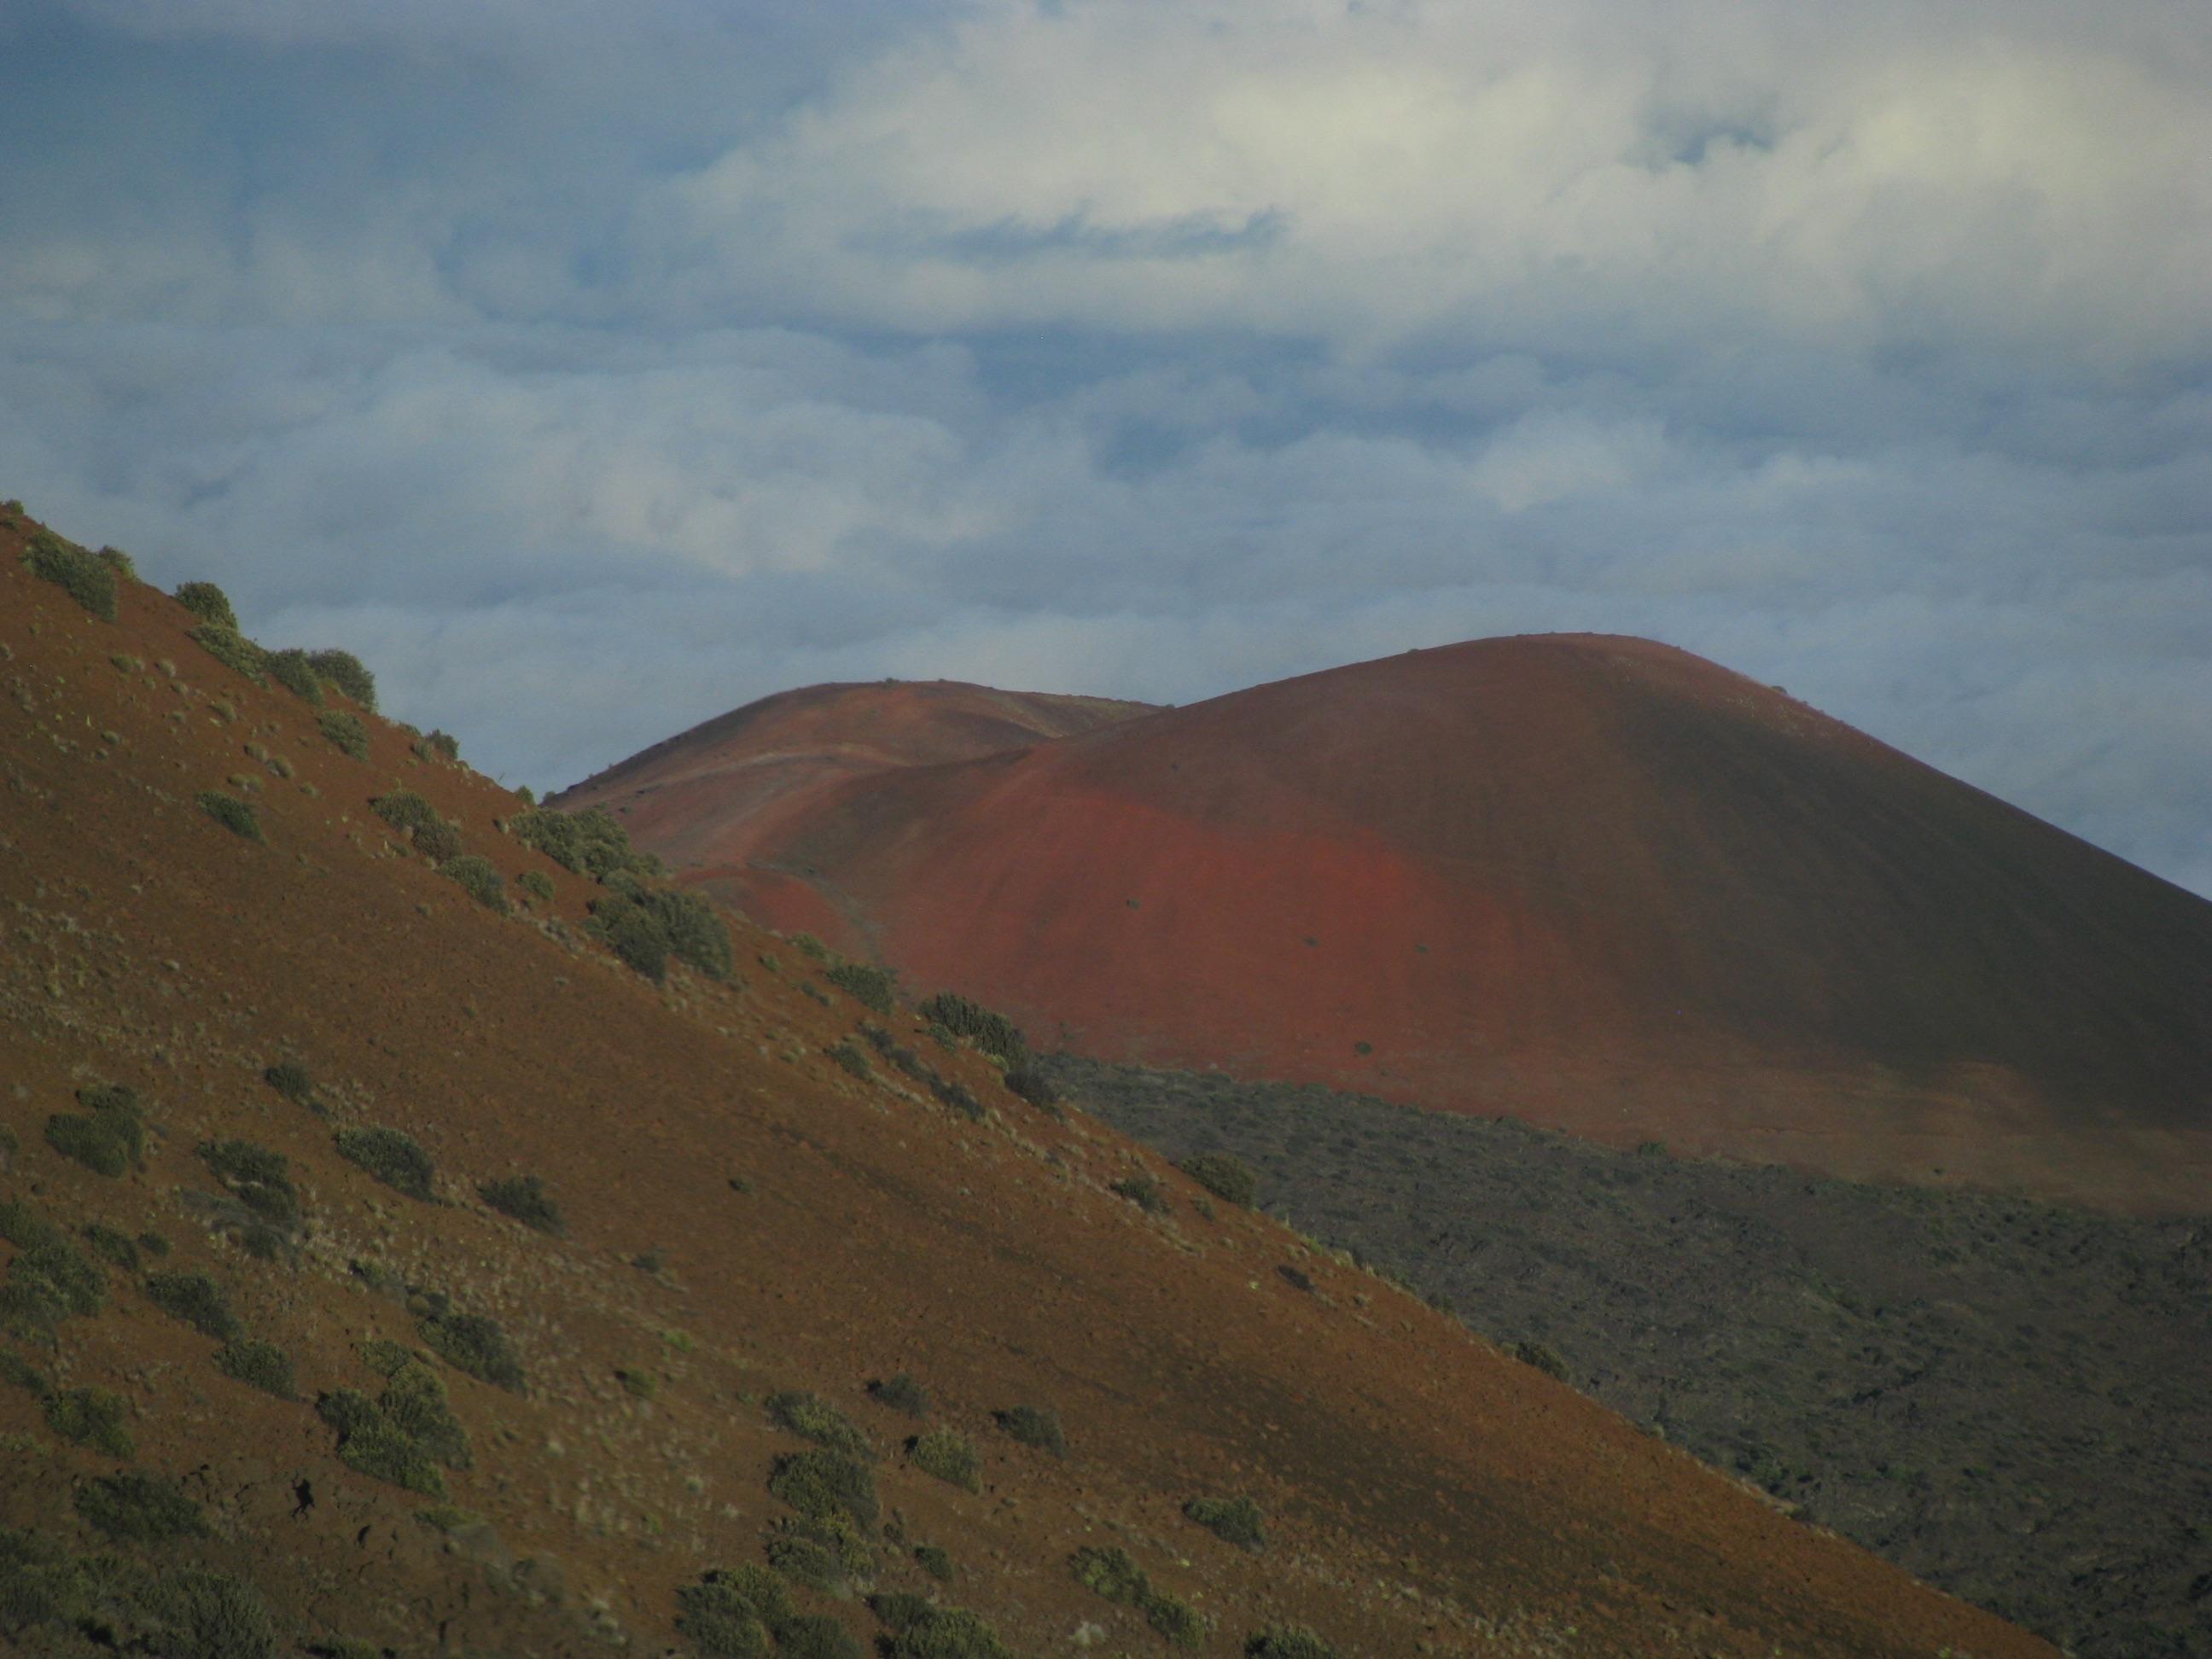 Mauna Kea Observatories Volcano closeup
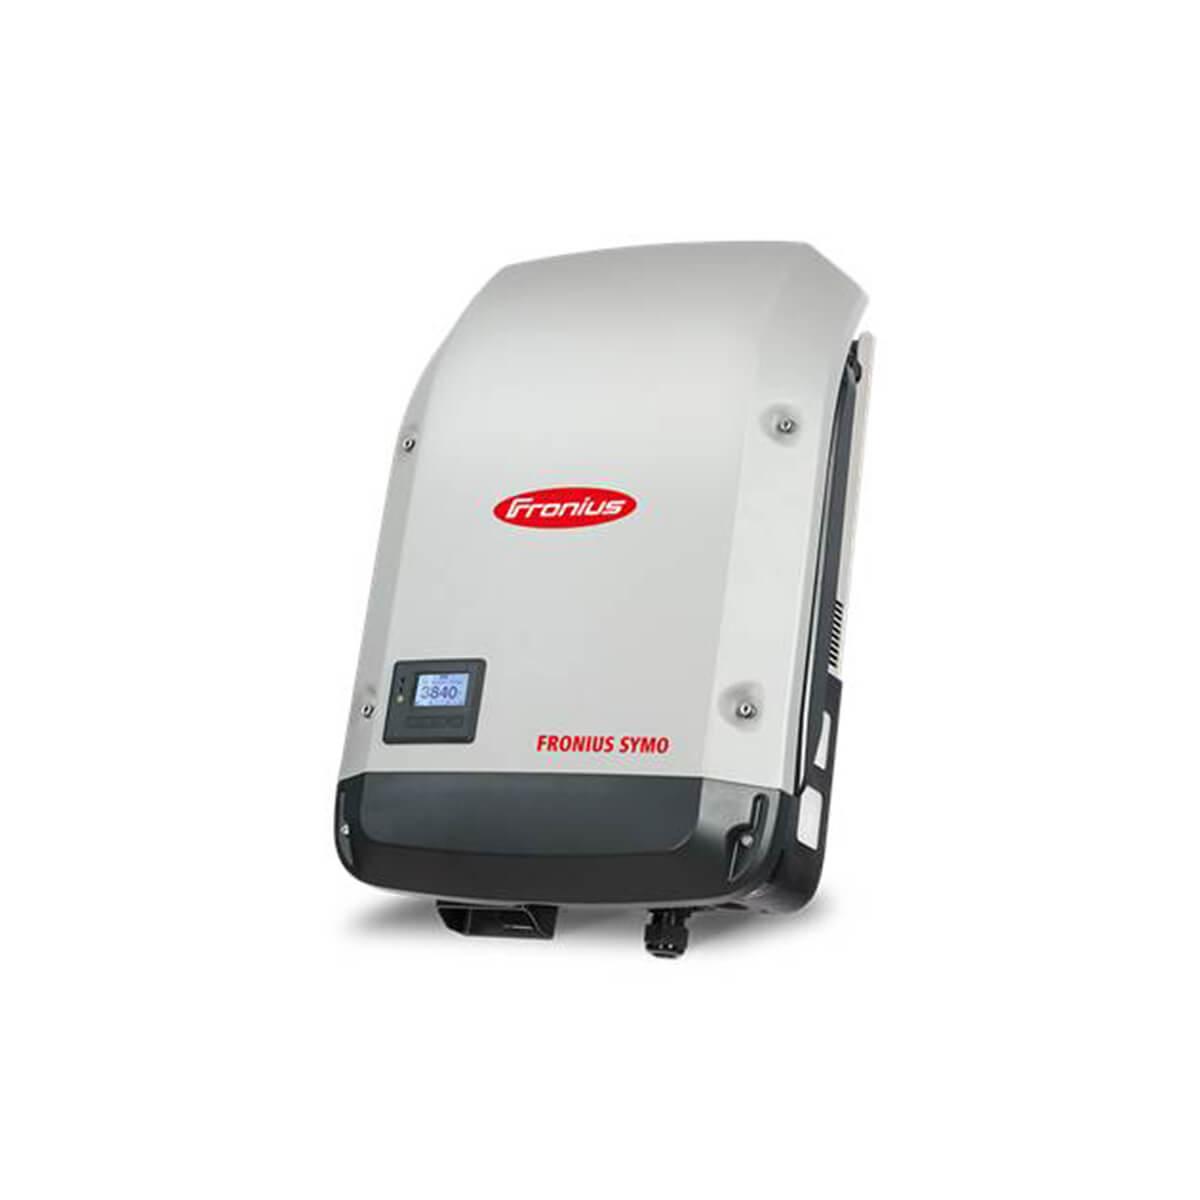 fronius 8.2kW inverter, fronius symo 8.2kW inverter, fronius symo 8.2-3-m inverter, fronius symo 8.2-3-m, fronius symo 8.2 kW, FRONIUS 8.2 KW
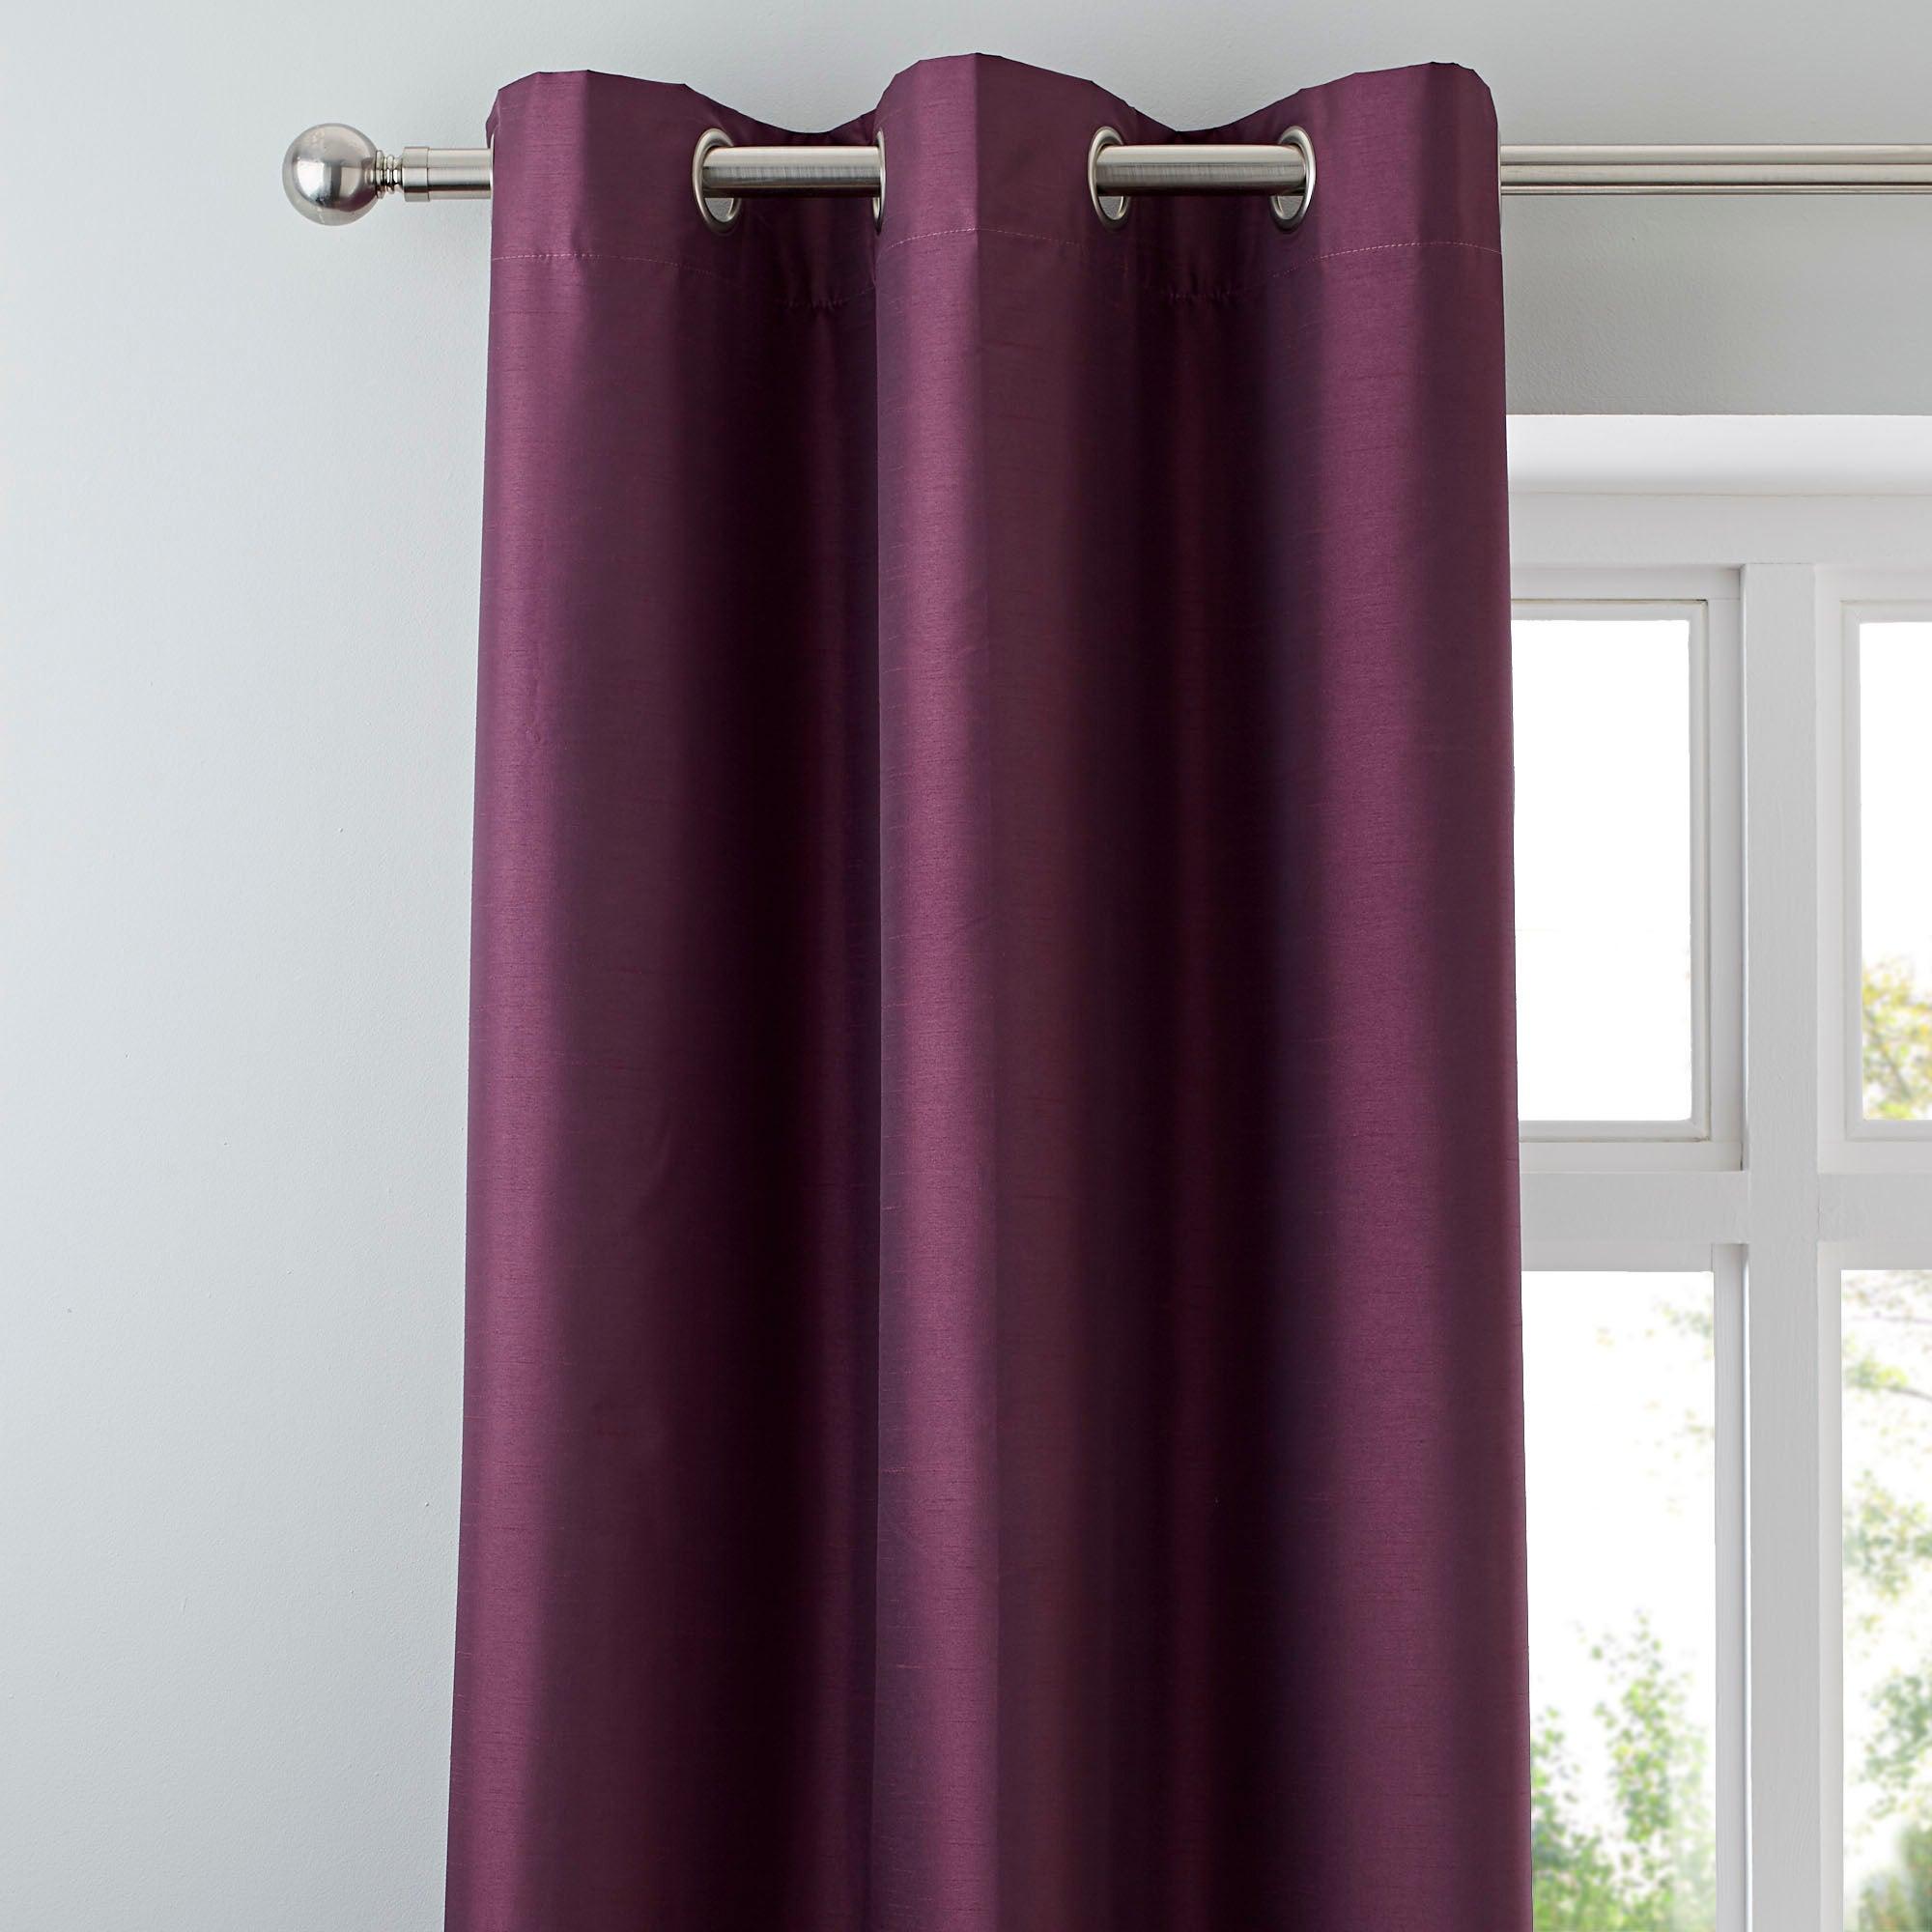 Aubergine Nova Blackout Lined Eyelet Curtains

**Exercise requirements:**
The whole of the data above needs retyping exactly, with pictures omitted.

**Completed task:**
 Mauna Kea Observatories Volcano closeup
 fronius 8.2kW inverter, fronius symo 8.2kW inverter, fronius symo 8.2-3-m inverter, fronius symo 8.2-3-m, fronius symo 8.2 kW, FRONIUS 8.2 KW
 Aubergine Nova Blackout Lined Eyelet Curtains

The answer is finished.